By: Jolie Featherstone

Edmond Rostand’s classic tale Cyrano de Bergerac is reimagined in Joe Wright’s elegant and atmospheric adaptation of Erica Schmidt’s stage musical Cyrano.

Rostand’s tale is universal.  It muses on society’s tendency to prize the outer above the inner.  It tells us how true love and attraction is based on meeting a kindred soul, but we will only find that true love if we are able to overcome our limiting and superficial views.  The deeply human and universal nature of this tale has earned it a prized place among long-beloved historical treasures and literary curriculums.  Rostand’s words in Cyrano de Bergerac are undoubtedly some of the most beautiful ever put to paper.  The magnificence of Rostand’s words are brought to life in Joe Wright’s airily elegant world.

Having given us the modern classic Pride and Prejudice (2005) and the 2007’s Oscar-winning Atonement, Wright has established himself as a bonafide voice in the romantic-drama genre.  Joe Wright’s romantic films glisten with longing, sensuality, and simmering passion.  He has developed his own visceral language of love on film which he, happily, brings to Cyrano.

Wright’s Cyrano is based on Erica Schmidt’s stage adaptation of the famous tale.  Peter Dinklage (Game of Thrones) was cast as the titular role during its stage run.  He reprises his role here in Wright’s film.  His casting brings a sharper edge to the role.  In most Cyrano adaptations, the actor portraying the hero has donned prosthetics to enlarge their nose.  In this case, Dinklage does not don prosthetics.  Instead, Dinklage’s Cyrano exists in a society wherein people who are built differently than others are treated differently – much like our own current reality.  Dinklage is wholly committed to the role.  His eyes alone speak volumes.  He moves deftly as Cyrano in all of his multitudes: the biting wit, the sensitive poet, the glorious guard and swordsman.  Dinklage disappears into the role and brings a unique blend of world-weariness and buoyant earnestness to Cyrano.

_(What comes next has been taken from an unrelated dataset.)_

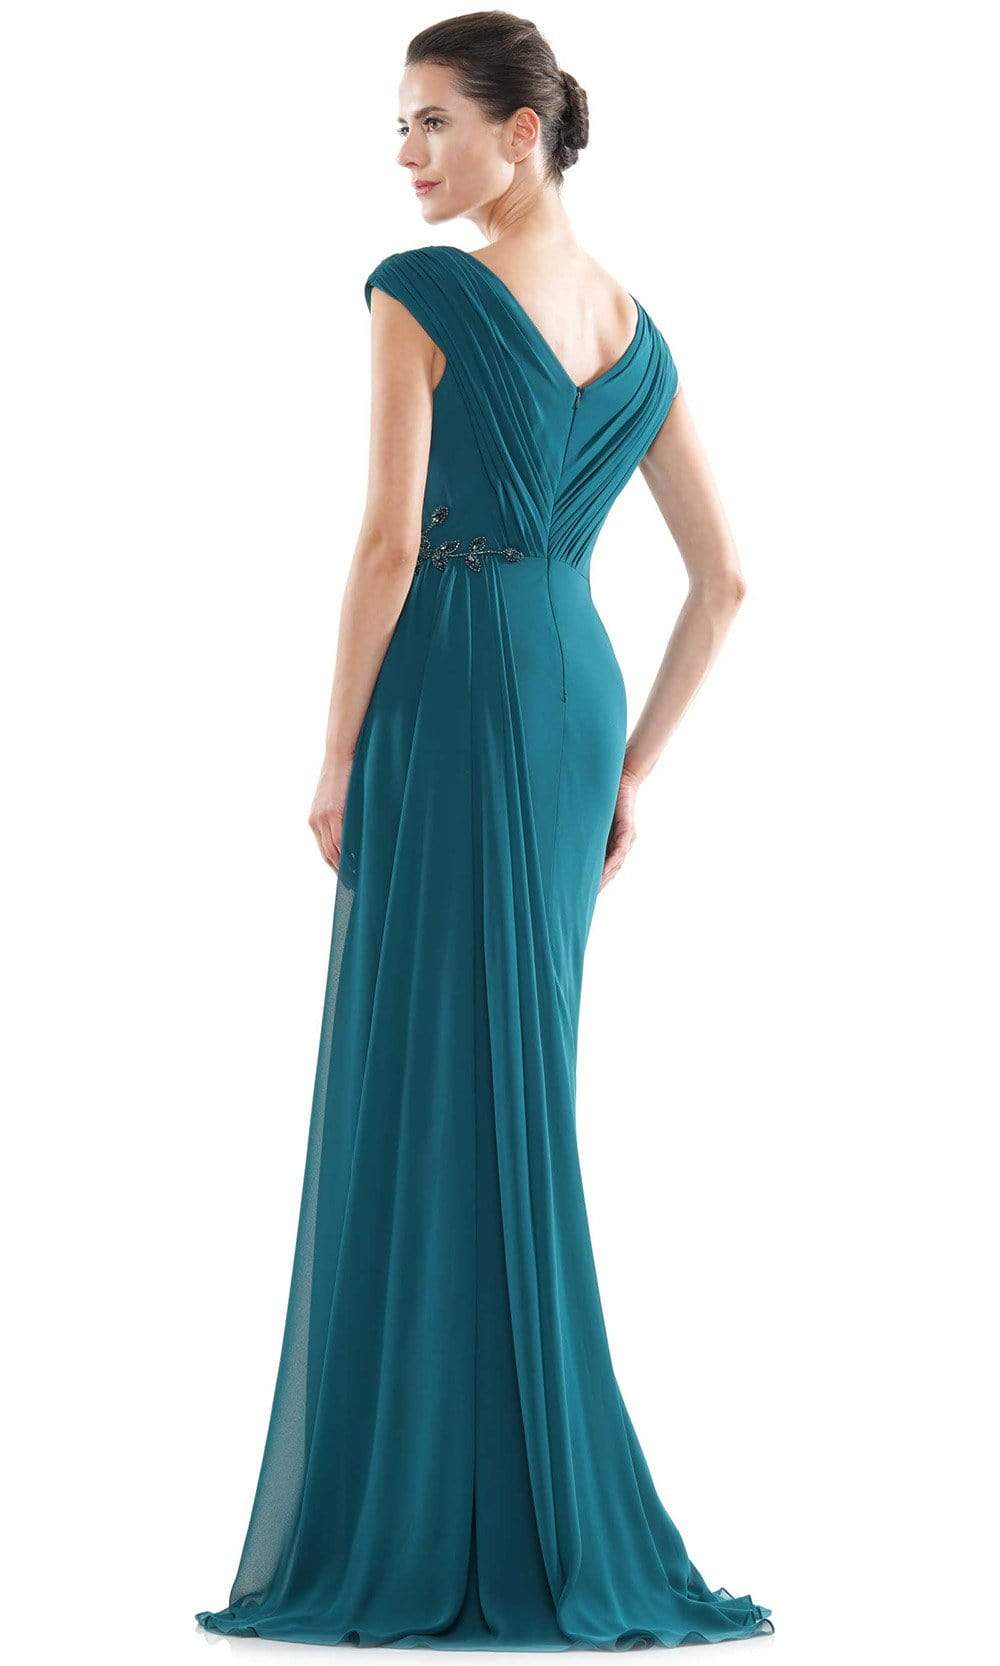 Marsoni by Colors - MV1080 Cap Sleeve Foliage Beaded Sheath Gown Mother of the Bride Dresses

Also reprising her role from the stage, Hayley Bennett is luminous in the role of Roxanne, the object of Cyrano’s affection.  She brings a spiritedness to Roxanne that’s intoxicating.  Bennett’s Roxanne is not just a beautiful doll to be looked at.  She has verve and vigour.  We can easily understand Cyrano’s longing for her.  We yearn for them to be together.

A film so wholly about romance couldn’t have been more of a labour of love in the most literal sense of the words.  Director Joe Wright and Hayley Bennett are partners.  Writer Erica Schmidt and Peter Dinklage are married, as are Matt Berninger and Carin Besser who wrote the lyrics to the original songs.  The music (by Aaron and Bryce Dressner of The National, who can also be seen in Mistaken for Strangers) and lyrics (by Berninger also of The National and his wife/frequent collaborator Besser) are gorgeously arranged and inject a modern feel to this timeless tale.  The National’s music has appeared on many a love-lorn, heart-aching playlist.  Such a pedigree serves them well for Cyrano.  The songs are clearly modern which reinforces Wright’s choice to keep the film untethered to a strict time and place.  His locations all appear untouched by time but do not offer explicit signifiers.  This lends to the films’ lyrical, otherworldly beauty.  Indeed, a song outside of the central romance called “Wherever I Fall” sung by the battle-beaten troops is hauntingly beautiful – balancing between the ancient and the new.  Unfortunately, there are times in the film where the lyrics get lost in the overall sound mixing.

Cyrano has the makings of a classic fairytale.  It balances soft, ethereal light with darkness and despair.  Indeed, even in moments of shadow, the fight choreography is exquisitely done.  Like all good fairytales, Cyrano visually plumbs the recesses and soars to the heights of primal human emotion.

Wright’s use of breath to ground the weightlessness of falling in love is poetic.  From the moment that Roxanne and Christian first lay eyes on each other to the finale’s shattering exhale, this film wears it’s heart on its sleeve.  This is not a film for even-keeled realism.  This is a film for dreamers.  If you can, see it on the big screen to immerse yourself in the visual and auditory majesty of this operatic romance.